##### Provided information #####
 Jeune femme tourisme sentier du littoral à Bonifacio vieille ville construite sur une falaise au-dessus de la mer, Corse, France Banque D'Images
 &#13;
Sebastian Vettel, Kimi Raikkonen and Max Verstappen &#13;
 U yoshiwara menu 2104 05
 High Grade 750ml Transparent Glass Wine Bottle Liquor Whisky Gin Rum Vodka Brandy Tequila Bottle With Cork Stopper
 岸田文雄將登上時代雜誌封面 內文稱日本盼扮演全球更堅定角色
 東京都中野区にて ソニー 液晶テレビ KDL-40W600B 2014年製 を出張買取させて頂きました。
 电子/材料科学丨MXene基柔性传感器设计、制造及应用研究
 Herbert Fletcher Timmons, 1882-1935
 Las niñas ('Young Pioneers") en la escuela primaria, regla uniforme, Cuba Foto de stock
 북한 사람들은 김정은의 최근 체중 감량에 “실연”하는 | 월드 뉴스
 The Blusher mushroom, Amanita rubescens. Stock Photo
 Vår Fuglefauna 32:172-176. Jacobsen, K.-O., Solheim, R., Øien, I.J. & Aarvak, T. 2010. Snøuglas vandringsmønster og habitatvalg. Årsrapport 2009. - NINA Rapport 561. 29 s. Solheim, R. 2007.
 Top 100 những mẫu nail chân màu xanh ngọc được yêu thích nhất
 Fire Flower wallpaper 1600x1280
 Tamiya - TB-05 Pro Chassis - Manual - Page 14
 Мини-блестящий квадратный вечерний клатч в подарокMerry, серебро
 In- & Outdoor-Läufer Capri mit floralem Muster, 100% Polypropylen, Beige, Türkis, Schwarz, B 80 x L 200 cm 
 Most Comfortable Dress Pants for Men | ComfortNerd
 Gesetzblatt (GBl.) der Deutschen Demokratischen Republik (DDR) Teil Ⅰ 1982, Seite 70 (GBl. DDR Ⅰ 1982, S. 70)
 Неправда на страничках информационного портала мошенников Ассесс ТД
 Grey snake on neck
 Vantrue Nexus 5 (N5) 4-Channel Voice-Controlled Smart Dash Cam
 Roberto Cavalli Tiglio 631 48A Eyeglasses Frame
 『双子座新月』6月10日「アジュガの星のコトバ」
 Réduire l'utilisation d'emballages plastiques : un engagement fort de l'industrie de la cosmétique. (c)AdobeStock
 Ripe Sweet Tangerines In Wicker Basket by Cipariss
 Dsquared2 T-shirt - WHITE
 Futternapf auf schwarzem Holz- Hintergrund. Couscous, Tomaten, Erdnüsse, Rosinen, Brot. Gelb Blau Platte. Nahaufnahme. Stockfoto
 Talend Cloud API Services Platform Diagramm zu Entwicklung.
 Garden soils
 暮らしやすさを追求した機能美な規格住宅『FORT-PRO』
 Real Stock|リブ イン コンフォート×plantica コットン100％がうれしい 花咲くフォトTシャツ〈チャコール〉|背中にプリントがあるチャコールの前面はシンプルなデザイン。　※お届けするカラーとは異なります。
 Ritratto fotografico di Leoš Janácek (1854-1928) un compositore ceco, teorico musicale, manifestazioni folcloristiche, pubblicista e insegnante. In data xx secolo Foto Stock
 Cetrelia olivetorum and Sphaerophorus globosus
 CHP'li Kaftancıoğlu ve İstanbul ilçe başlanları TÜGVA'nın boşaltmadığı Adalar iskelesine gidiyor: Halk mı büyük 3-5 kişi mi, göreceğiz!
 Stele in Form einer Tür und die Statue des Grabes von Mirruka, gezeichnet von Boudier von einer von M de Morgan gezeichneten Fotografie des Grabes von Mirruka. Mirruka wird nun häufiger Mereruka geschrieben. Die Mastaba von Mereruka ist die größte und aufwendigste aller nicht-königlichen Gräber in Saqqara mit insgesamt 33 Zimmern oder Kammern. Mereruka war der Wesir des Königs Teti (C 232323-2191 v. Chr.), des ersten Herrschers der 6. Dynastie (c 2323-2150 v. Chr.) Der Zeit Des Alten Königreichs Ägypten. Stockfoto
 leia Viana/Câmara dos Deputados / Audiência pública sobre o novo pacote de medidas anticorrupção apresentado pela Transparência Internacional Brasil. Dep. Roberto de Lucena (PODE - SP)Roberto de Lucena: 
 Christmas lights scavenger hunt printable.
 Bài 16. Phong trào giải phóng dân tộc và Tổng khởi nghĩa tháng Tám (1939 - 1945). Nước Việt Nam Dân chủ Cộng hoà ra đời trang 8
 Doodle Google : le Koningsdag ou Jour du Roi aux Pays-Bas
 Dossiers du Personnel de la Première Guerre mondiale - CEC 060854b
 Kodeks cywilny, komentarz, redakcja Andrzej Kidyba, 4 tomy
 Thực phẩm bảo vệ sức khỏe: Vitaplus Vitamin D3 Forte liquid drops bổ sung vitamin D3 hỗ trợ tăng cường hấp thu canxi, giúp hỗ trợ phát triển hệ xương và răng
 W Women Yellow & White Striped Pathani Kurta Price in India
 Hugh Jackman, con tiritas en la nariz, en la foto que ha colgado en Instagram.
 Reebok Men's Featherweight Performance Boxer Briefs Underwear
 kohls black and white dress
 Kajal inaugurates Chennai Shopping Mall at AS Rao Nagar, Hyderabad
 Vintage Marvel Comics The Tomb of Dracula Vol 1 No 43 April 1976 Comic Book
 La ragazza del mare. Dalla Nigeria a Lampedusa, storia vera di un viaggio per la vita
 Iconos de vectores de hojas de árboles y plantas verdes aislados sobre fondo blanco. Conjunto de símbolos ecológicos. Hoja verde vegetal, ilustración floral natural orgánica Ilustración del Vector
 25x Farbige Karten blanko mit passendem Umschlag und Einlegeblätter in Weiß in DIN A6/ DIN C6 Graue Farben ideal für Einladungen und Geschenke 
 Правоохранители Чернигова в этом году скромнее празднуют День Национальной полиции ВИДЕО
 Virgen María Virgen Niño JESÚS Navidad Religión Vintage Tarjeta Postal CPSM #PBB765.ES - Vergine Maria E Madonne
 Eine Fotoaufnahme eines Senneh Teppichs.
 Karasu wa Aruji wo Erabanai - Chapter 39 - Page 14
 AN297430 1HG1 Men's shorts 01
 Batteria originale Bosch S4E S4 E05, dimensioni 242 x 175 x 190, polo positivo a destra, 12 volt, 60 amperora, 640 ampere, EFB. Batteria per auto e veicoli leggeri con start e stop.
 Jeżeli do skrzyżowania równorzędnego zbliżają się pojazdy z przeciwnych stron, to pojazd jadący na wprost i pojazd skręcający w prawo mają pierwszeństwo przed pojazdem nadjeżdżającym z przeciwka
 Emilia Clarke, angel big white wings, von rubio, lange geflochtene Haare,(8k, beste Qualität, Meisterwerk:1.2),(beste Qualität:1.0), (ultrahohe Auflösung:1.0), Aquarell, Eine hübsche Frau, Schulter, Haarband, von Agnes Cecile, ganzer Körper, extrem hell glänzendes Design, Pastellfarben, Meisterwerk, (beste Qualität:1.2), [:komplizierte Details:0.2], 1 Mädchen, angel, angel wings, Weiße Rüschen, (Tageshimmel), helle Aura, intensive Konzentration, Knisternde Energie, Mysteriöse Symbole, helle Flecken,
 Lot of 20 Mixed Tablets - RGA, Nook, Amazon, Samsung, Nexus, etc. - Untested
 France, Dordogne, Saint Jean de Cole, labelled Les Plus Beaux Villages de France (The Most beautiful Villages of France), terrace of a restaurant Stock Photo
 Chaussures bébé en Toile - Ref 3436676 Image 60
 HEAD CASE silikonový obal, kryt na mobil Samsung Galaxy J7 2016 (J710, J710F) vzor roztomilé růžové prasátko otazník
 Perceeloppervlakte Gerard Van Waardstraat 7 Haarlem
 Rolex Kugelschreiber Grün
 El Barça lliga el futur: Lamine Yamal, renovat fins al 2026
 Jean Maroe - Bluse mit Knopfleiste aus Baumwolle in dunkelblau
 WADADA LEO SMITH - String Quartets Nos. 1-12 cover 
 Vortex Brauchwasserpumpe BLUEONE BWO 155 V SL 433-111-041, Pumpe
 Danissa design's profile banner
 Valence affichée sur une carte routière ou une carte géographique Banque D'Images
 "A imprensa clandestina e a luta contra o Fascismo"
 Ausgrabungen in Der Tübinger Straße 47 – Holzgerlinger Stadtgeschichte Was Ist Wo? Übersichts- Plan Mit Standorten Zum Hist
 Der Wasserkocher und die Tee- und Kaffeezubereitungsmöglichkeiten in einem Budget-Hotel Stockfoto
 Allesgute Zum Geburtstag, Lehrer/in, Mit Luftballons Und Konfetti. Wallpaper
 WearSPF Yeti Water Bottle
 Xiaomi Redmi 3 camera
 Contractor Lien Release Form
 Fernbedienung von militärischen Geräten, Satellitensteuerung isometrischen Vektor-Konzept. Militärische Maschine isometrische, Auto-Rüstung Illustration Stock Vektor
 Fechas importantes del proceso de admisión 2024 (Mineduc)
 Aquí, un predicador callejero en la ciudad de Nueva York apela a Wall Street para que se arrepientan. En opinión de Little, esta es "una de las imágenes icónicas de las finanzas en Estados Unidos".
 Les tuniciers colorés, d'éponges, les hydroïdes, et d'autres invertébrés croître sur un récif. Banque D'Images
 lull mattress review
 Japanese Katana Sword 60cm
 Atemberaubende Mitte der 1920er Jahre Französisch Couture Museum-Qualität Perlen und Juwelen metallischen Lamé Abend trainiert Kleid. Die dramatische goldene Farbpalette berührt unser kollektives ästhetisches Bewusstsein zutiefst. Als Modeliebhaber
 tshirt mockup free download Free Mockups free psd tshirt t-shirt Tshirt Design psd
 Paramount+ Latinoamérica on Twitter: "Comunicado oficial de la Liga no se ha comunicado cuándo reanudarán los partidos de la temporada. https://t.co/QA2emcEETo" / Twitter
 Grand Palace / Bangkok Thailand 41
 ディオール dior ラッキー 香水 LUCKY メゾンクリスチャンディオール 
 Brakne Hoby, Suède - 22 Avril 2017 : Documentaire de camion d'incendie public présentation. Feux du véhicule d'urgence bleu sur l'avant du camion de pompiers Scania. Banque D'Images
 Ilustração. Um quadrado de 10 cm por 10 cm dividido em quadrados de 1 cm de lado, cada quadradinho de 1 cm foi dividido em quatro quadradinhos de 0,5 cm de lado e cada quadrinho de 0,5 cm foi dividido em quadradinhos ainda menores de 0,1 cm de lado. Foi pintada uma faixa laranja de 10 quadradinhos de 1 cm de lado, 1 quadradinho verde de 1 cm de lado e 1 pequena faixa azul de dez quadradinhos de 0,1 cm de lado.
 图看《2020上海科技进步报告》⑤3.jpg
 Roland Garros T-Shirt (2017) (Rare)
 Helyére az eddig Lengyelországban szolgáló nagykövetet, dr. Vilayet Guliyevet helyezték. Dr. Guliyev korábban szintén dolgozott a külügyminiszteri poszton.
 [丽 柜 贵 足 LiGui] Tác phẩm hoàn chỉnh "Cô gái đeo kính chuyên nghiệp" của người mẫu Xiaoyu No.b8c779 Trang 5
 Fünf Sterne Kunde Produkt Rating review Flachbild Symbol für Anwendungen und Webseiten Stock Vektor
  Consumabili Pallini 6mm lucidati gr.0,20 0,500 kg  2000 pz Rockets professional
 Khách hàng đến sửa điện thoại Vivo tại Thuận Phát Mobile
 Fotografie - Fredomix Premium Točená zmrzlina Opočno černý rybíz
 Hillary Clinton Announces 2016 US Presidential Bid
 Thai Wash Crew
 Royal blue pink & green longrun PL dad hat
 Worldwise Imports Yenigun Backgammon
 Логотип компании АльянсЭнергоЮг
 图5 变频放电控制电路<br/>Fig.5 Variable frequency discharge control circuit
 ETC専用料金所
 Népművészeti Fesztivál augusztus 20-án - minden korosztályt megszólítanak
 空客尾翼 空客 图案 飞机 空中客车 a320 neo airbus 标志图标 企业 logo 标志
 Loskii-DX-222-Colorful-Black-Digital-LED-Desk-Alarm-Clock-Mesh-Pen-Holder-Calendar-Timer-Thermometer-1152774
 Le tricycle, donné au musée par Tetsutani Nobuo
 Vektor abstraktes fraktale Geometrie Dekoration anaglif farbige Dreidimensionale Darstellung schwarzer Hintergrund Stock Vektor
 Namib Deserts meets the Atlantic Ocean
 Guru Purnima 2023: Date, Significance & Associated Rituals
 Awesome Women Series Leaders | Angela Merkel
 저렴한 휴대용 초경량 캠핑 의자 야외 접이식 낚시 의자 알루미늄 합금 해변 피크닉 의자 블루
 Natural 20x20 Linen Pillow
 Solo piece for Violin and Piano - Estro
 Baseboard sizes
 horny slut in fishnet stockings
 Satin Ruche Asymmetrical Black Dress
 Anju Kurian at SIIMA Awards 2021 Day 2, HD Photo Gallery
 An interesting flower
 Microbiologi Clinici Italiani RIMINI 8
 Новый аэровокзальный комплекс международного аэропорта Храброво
#####
__Work instruction__: As listed above, the lines from the line with "kohls black and white dress" to the line with "La ragazza del" are to be echoed exactly, with both ends included and nothing added.

__Finished task__:
 kohls black and white dress
 Kajal inaugurates Chennai Shopping Mall at AS Rao Nagar, Hyderabad
 Vintage Marvel Comics The Tomb of Dracula Vol 1 No 43 April 1976 Comic Book
 La ragazza del mare. Dalla Nigeria a Lampedusa, storia vera di un viaggio per la vita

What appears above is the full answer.